## What you need to do
Would you please copy exactly the line with "Buddha　英語　文化（田中泰賢選集）3の商品画像" and all lines that follow it in the data below, through the last one?

═════ Material for this exercise ═════

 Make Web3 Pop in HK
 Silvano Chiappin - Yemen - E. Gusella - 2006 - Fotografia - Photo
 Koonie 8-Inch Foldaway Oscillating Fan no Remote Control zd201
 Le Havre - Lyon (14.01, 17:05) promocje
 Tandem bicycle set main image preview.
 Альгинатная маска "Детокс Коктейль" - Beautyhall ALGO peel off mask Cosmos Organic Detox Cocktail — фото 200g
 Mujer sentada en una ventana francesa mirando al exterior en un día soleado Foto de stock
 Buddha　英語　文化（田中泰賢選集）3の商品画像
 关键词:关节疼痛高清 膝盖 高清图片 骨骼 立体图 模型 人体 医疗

═════

## Reply to the exercise
 Buddha　英語　文化（田中泰賢選集）3の商品画像
 关键词:关节疼痛高清 膝盖 高清图片 骨骼 立体图 模型 人体 医疗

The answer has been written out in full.